ATT&CK mapping: T1195.002 Supply Chain Compromise: Software Supply Chain, T1036.005 Match Legitimate Name (forged AppWork-adjacent publisher names), T1059.006 Python for the RAT runtime.

Defender takeaway: Audit endpoints — particularly developer / power-user / multimedia-engineering workstations across DACH — for JDownloader installers downloaded between 2026-05-06 and 2026-05-08 from the official site. Hunt for unsigned or non-AppWork-signed JDownloader*.exe and unexpected Python interpreters in user-profile paths; alert on Python child processes spawned from JDownloader* parent images (Sysmon EID 1 + parent-image filter).
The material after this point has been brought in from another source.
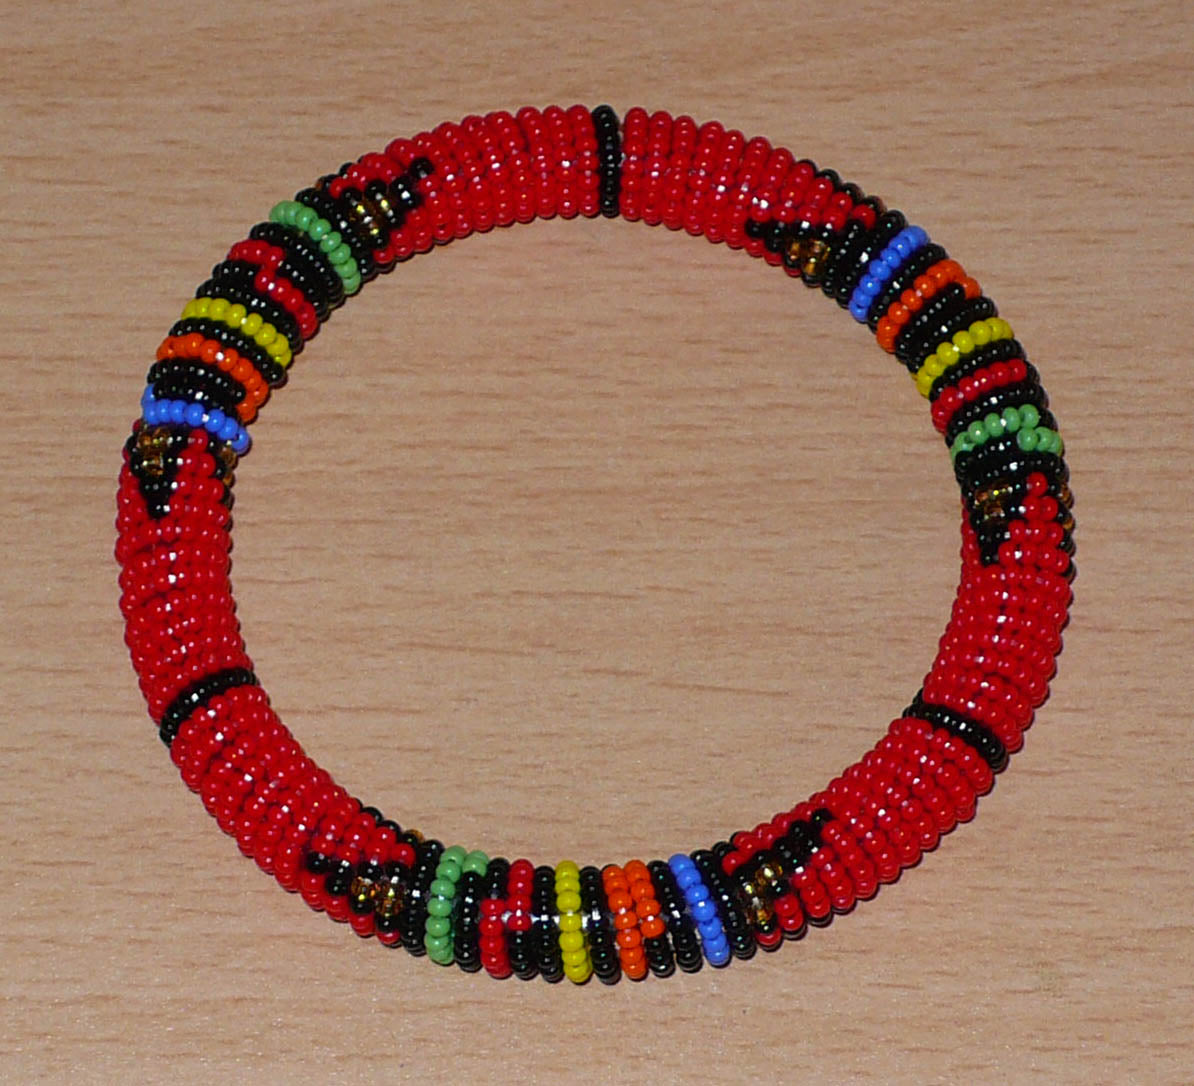 Bracelet africain tubulaire à motifs traditionnels zoulous composé de perles de rocaille rouges et multicolores enfilées sur du fil de nylon enroulé autour d'un tube en plastique.  Ce bracelet a une circonférence interne de 21 cm, un diamètre interne de 6,5 cm et une épaisseur de 1 cm.  Unisexe, il peut être porté par une femme ou par un homme.

Inventory installations are uncertain via Winget / Flatpak / Snap (those distributions were not poisoned in this window) — the trojanised path was specifically the project's web-hosted installer and "Alternative Installer" download links.

Hunt for trojanised JDownloader installers and unsigned Python child processes

From CTI Daily Brief — 2026-05-10 · published 2026-05-10 · view item permalink →

Inventory developer / power-user / multimedia-engineering workstations across DACH for JDownloader installers downloaded between 2026-05-06 and 2026-05-08 from the official site or "Alternative Installer" link (PiunikaWeb, 2026-05-08). Trojanised executables bear forged publisher names "Zipline LLC", "The Water Team", "Peace Team" instead of the legitimate AppWork GmbH signature. Hunt for unsigned Python interpreters in user-profile paths and Python child processes spawned from JDownloader parent images (Sysmon EID 1 + parent-image filter). Winget / Flatpak / Snap installations were not poisoned.